=== Data provided ===
-------

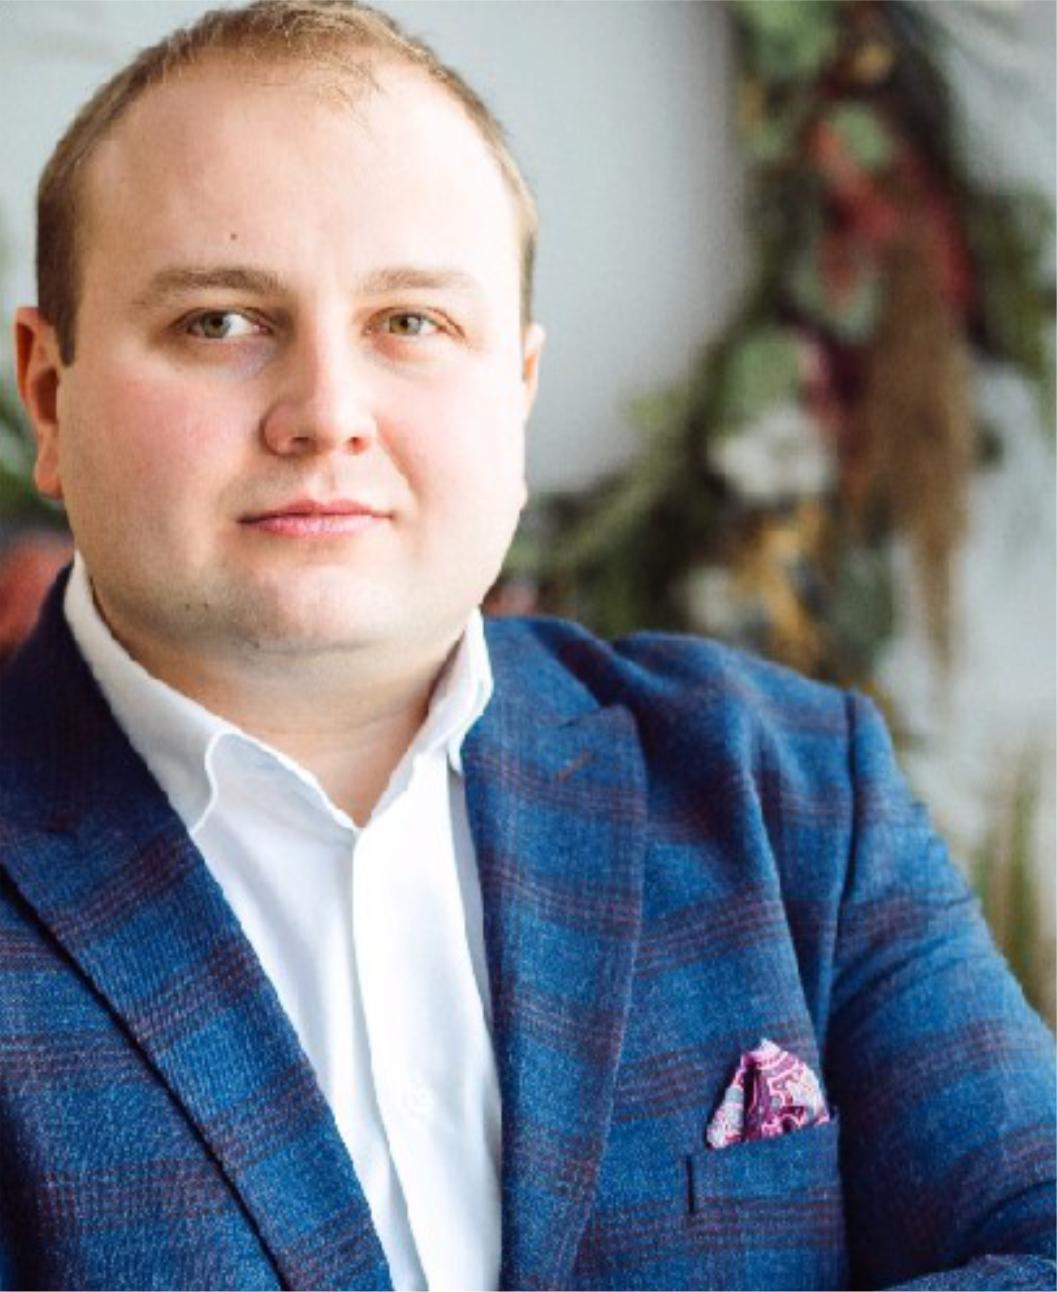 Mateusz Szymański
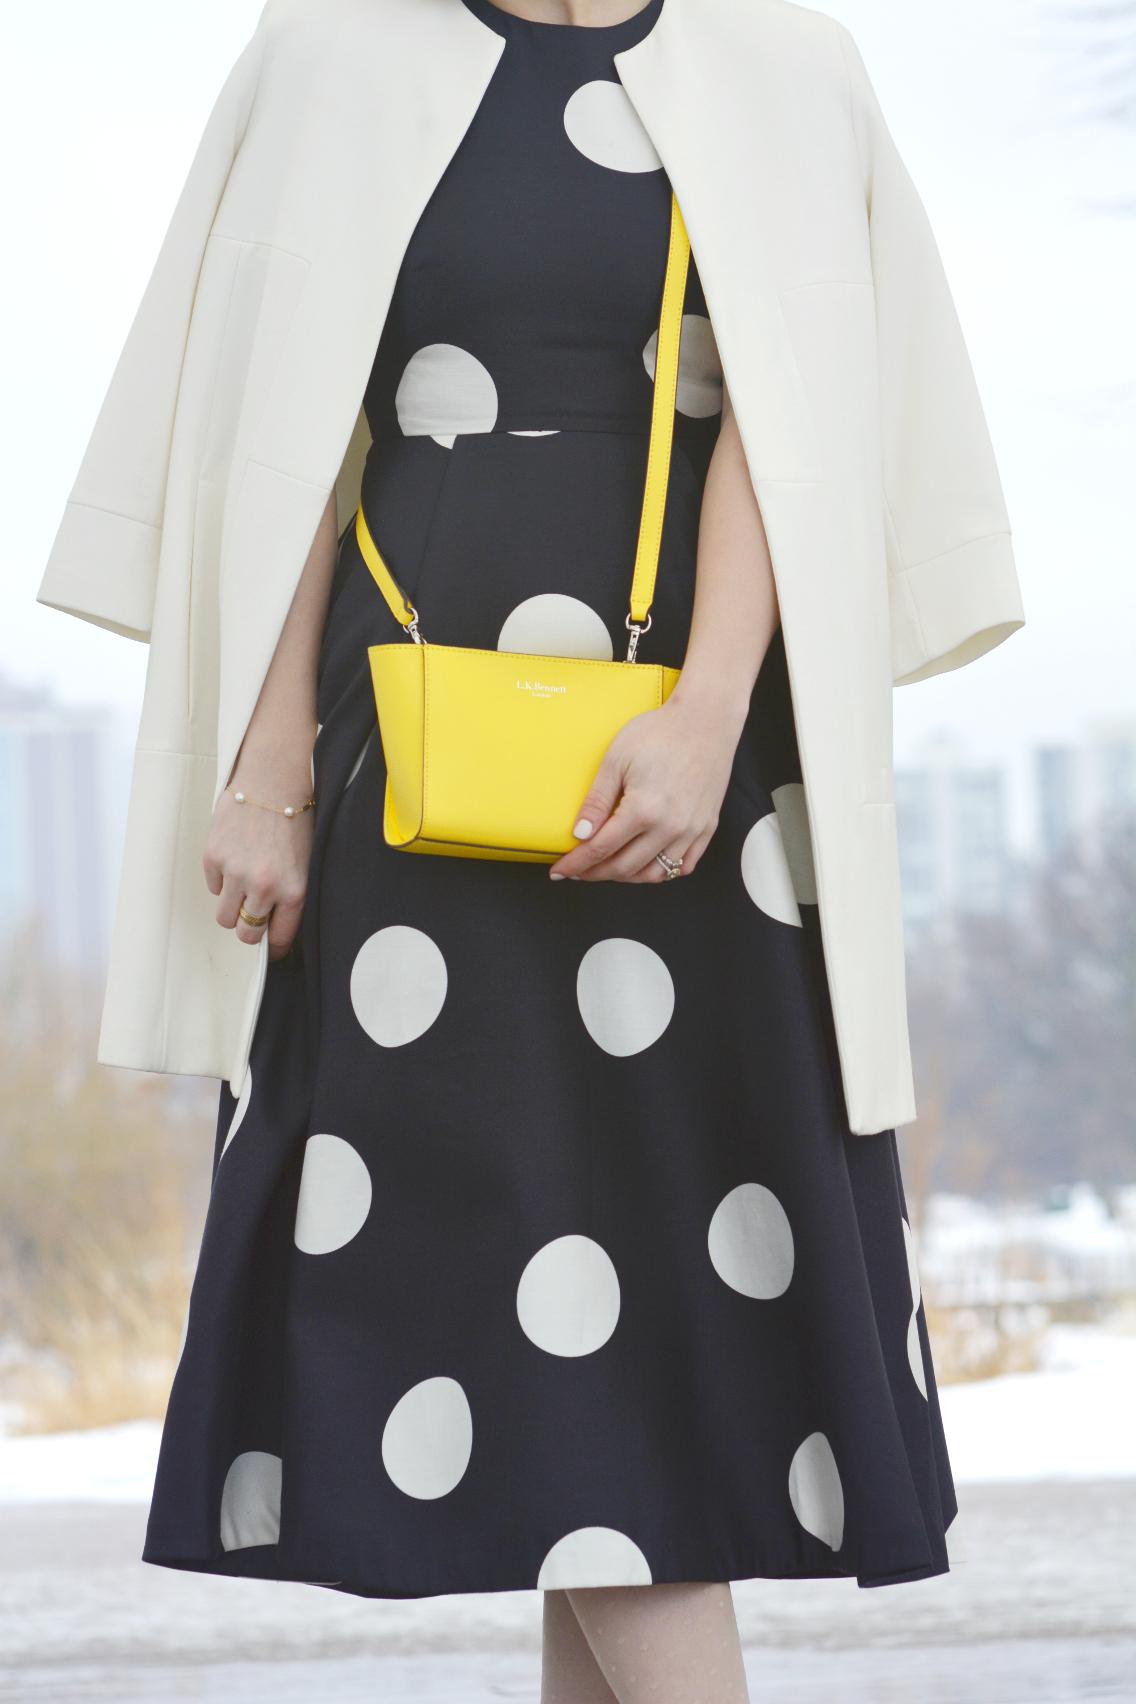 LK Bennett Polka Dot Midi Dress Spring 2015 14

-------

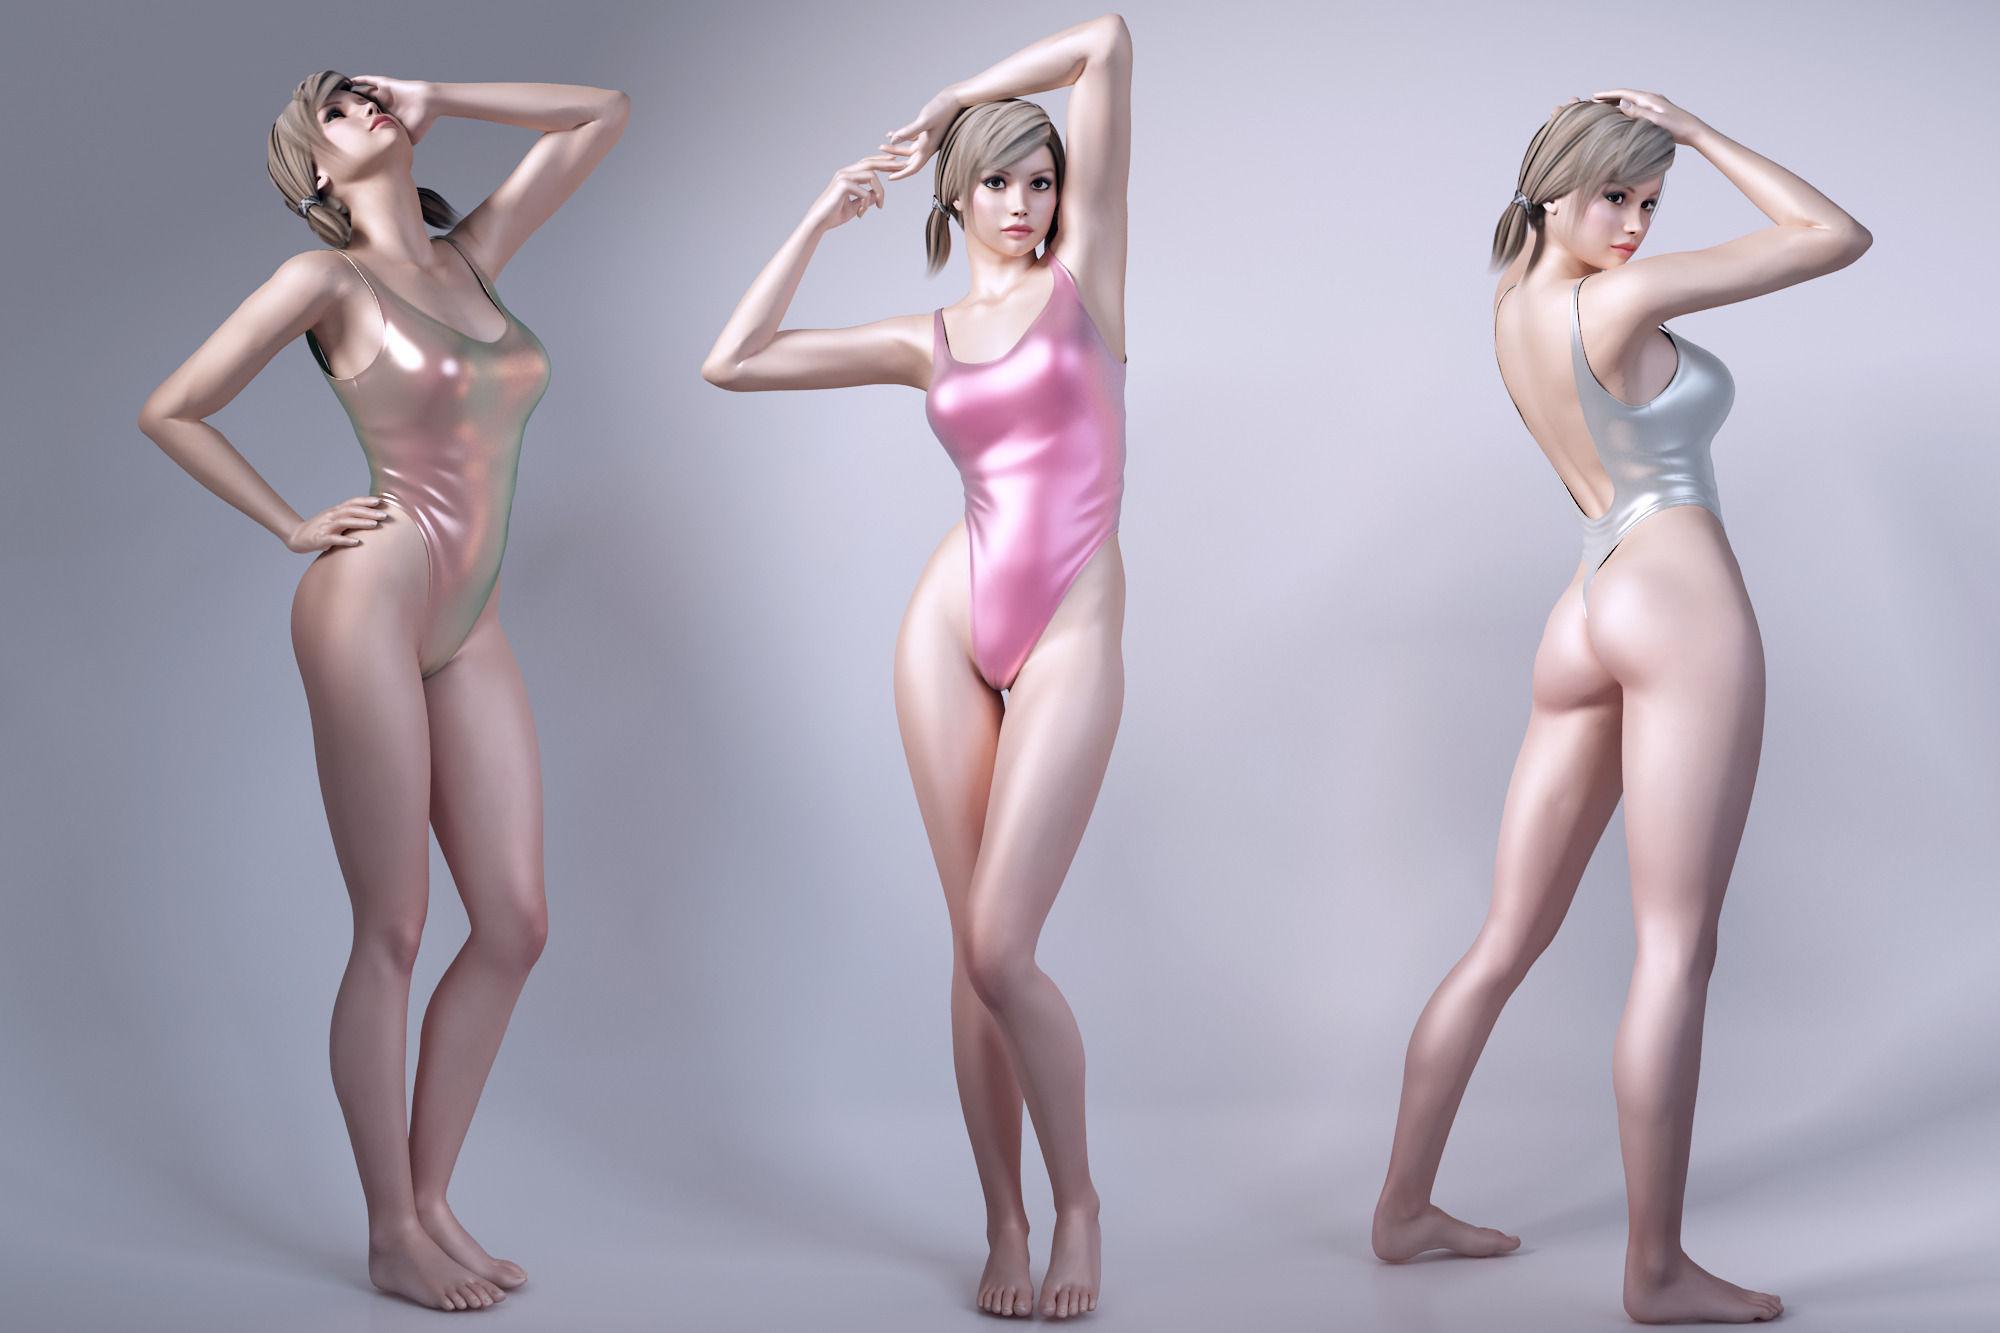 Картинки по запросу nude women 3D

-------

=== What to work on ===
The material above holds pictures; leave them out. Repeat exactly the lines from the one containing "Mateusz Szymański" through the one containing "LK Bennett Polka", and nothing else.

=== Response box ===
 Mateusz Szymański
 LK Bennett Polka Dot Midi Dress Spring 2015 14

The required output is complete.